Последнее, что помнил Купер, – он, так и не раздевшись, рухнул в собственную постель после очередного долгого дня, полного трудов и переписки. И эти люди рядом с ним определенно не были его друзьями, а это место никак не походило на его дом, и уж совершенно точно он не стал бы обмениваться сообщениями с какими-то там пепельнокожими головорезами. В одном он был уверен: все это не сон. Слишком уж больно ему было, да и логика не поспевала за причудами воображения, как обычно бывает в ночных грезах.

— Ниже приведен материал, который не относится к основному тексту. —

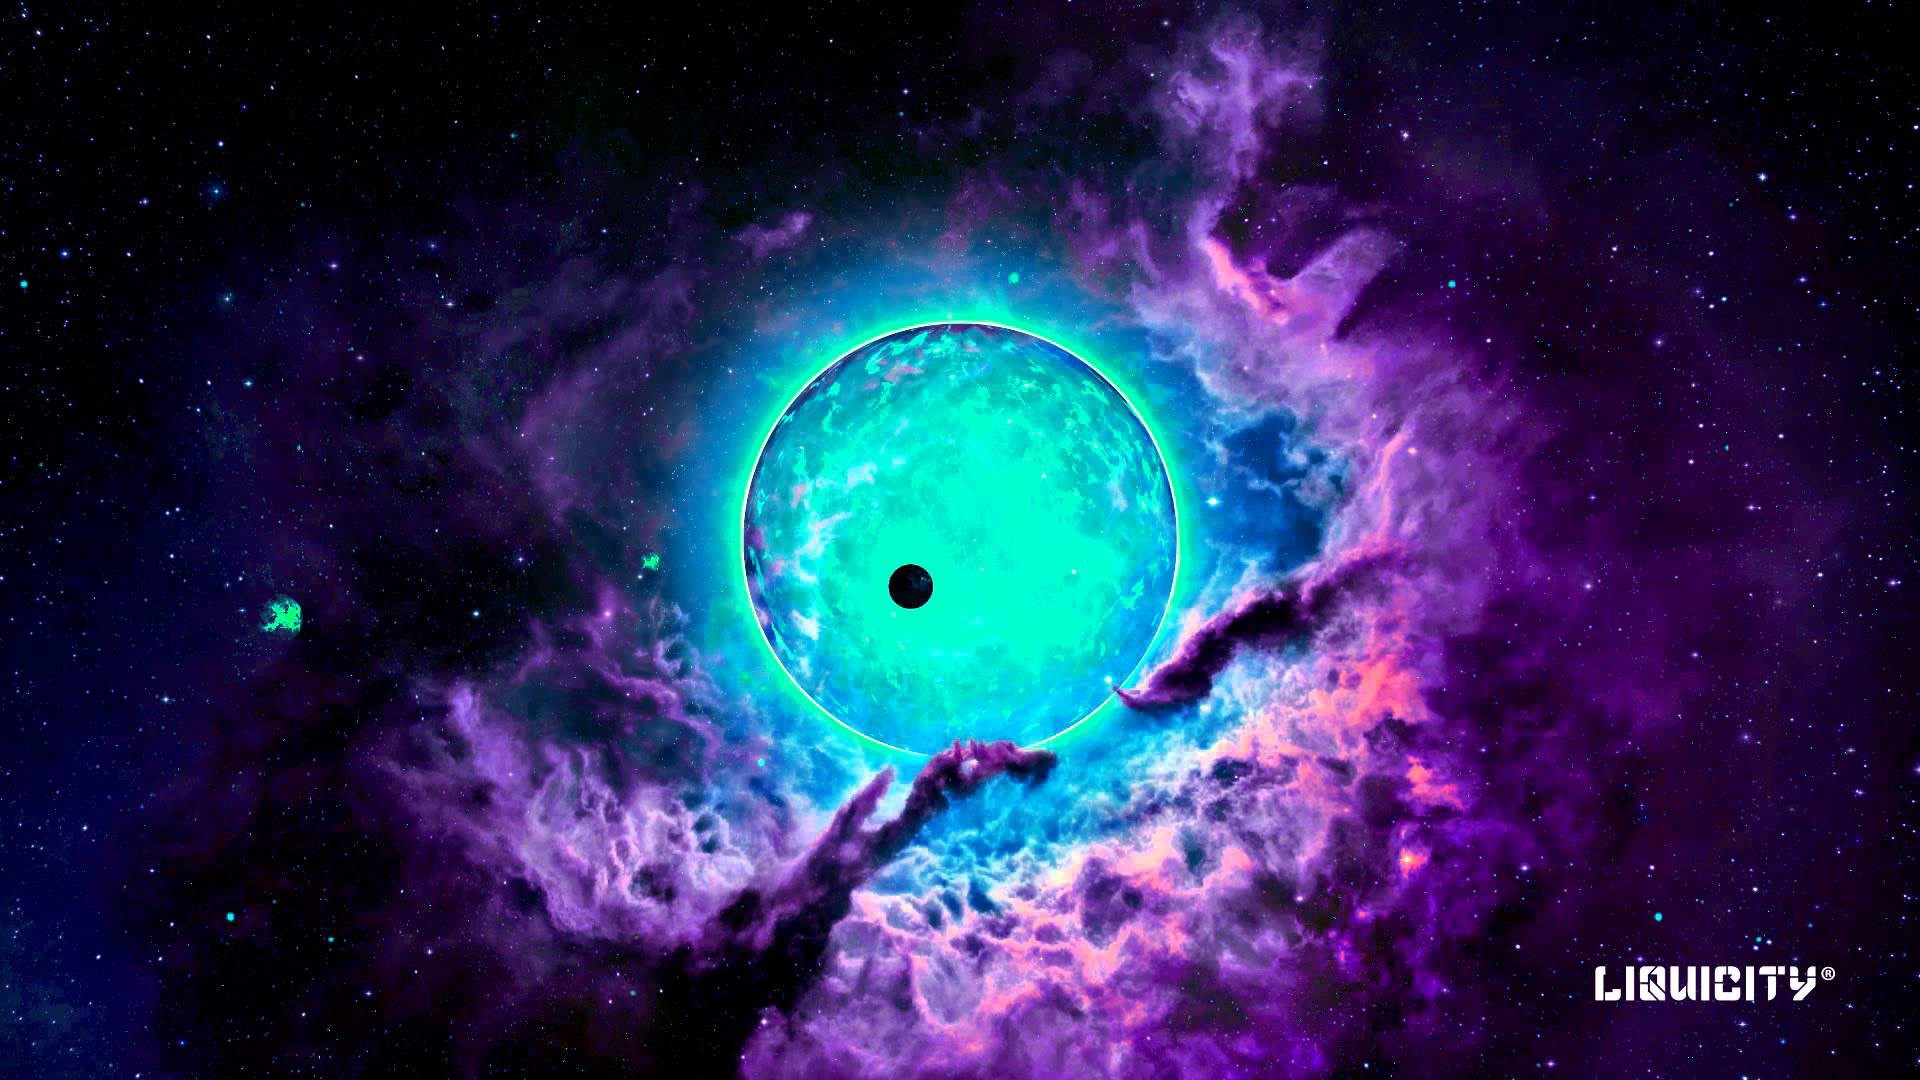 General 1920x1080 Liquicity drum and bass digital art purple sphere turquoise cyan music space
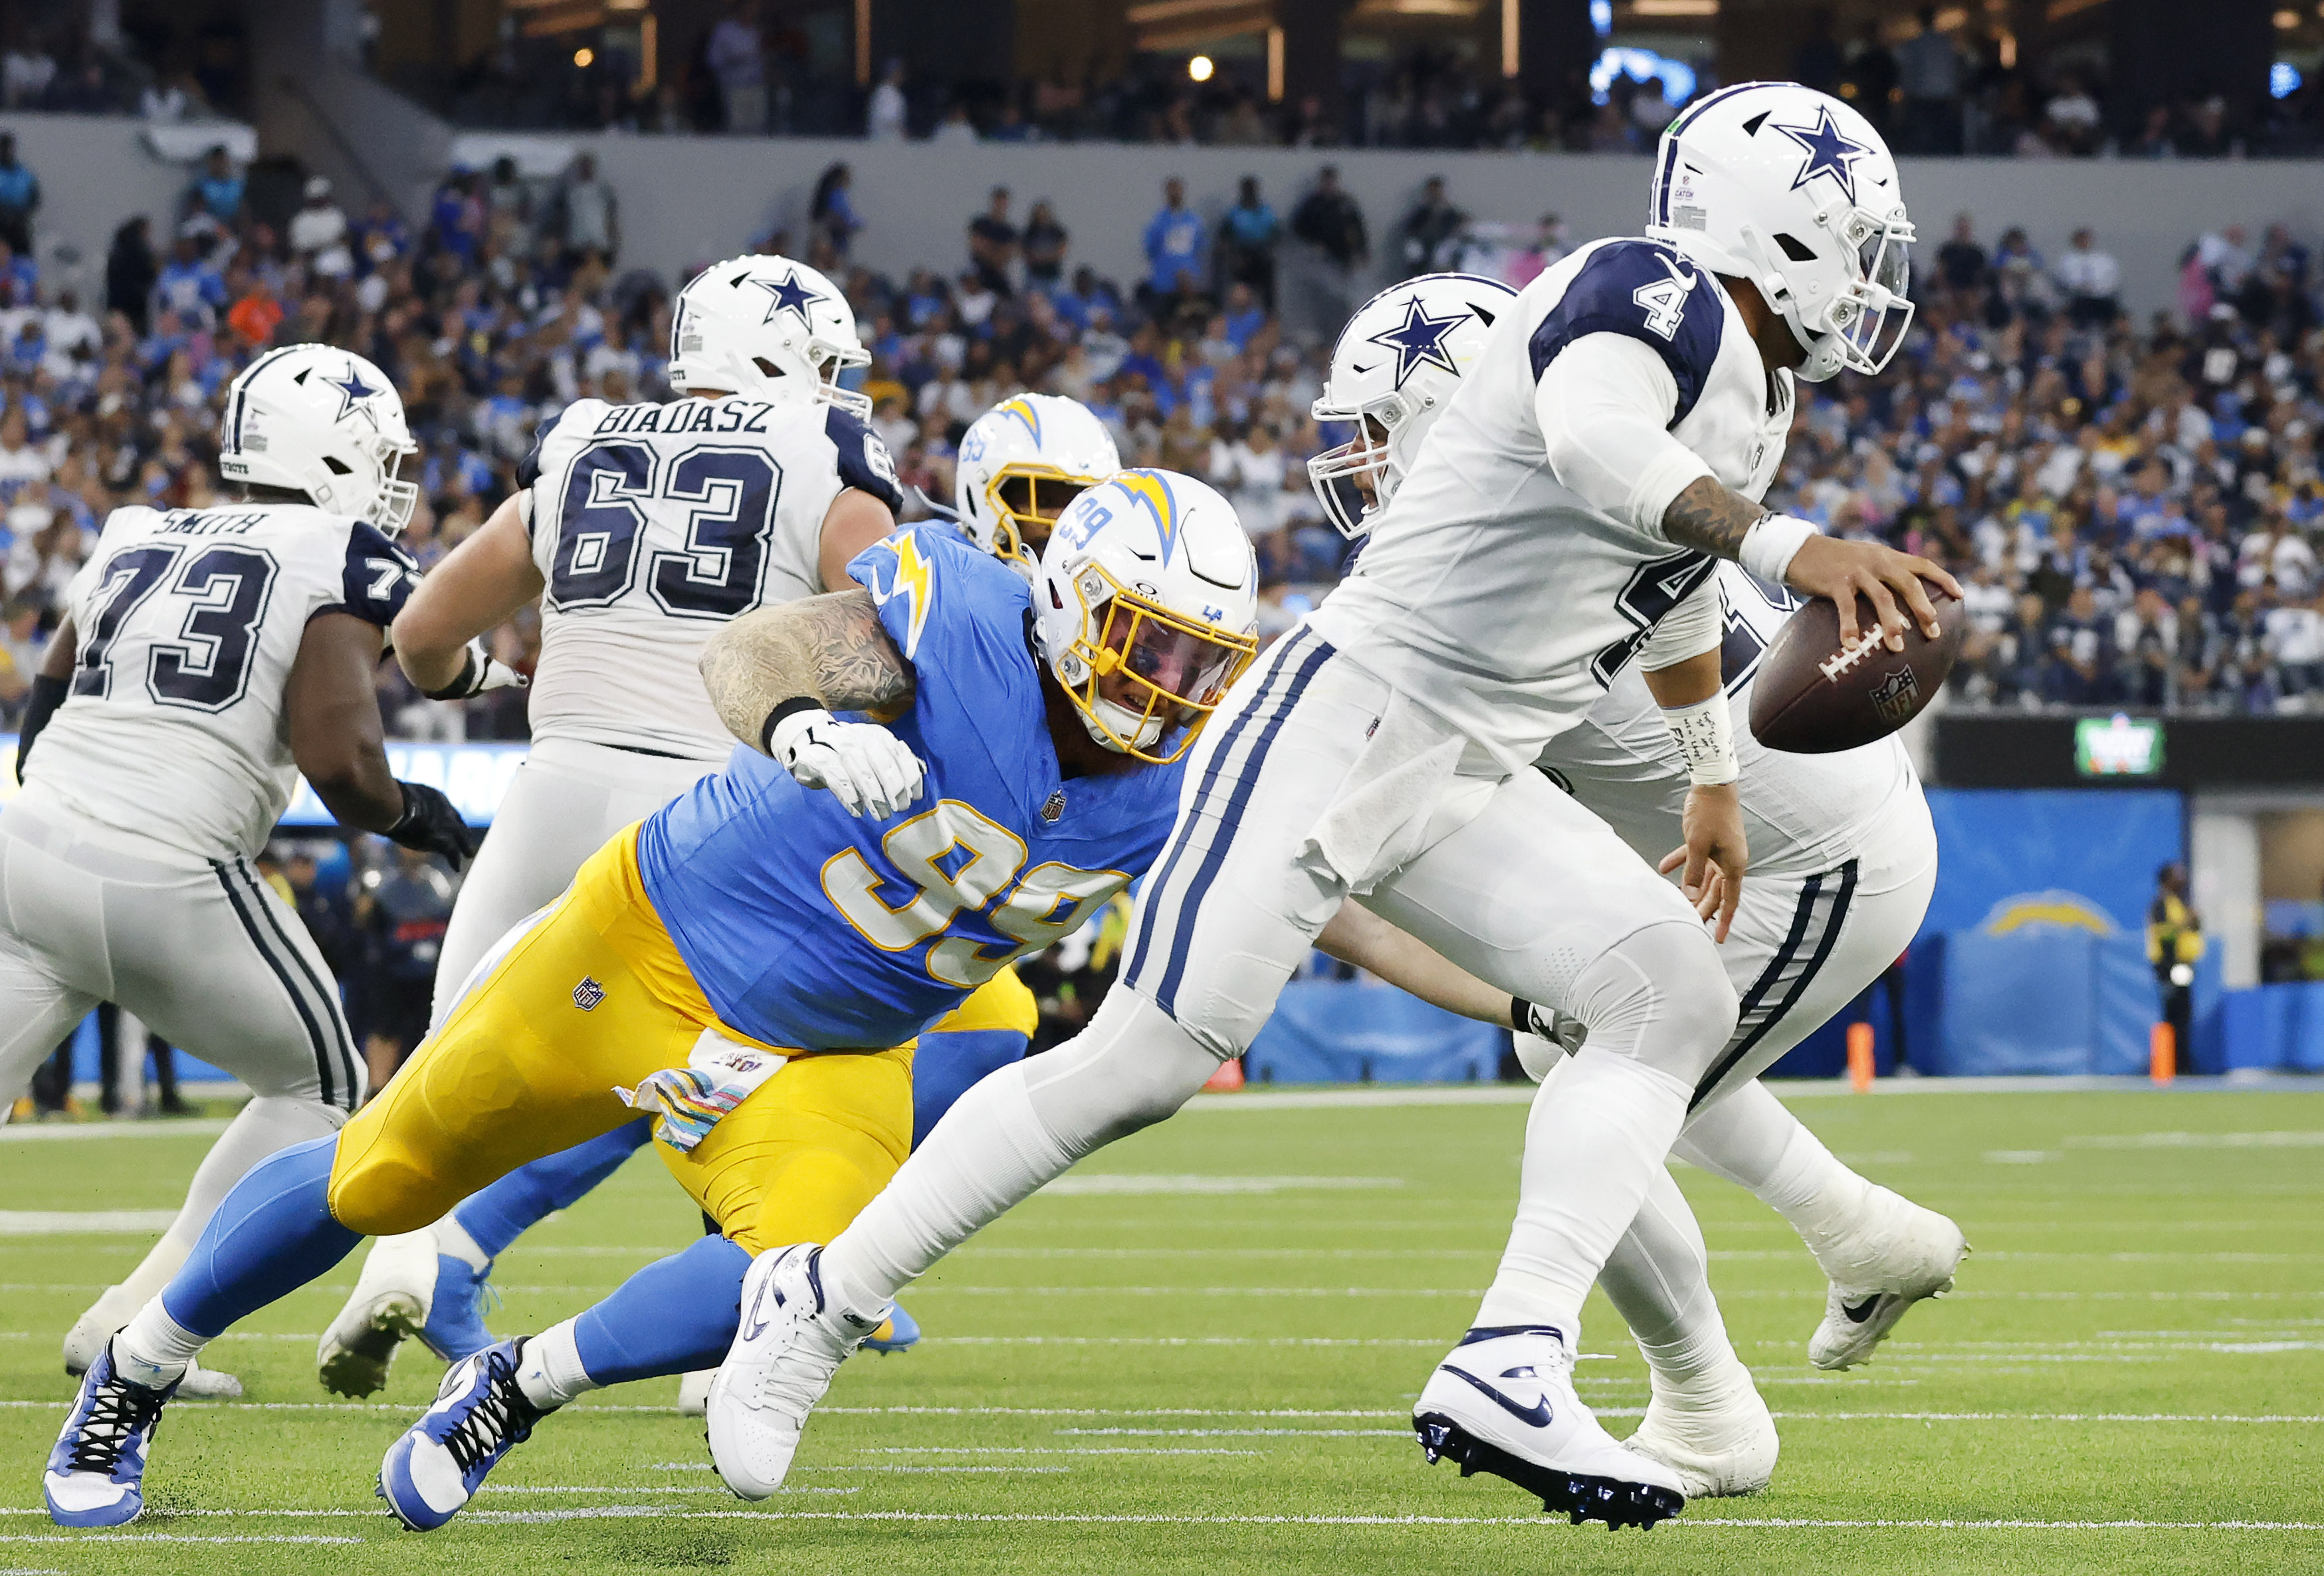 Cowboys-Chargers: How to Watch, Listen, Stream

– Приветствую пробужденного, – с улыбкой на лице произнес Эшер. – Выпей-ка. – Его длиннопалые ладони казались просто огромными. – Сесстри устроила тебе полный осмотр. – Он протянул Куперу кружку, и пар, поднимающийся над ней, источал ароматы жасмина и пряностей. – Если от этого тебе станет легче, я выходил из комнаты, пока она обследовала твое обнаженное тело.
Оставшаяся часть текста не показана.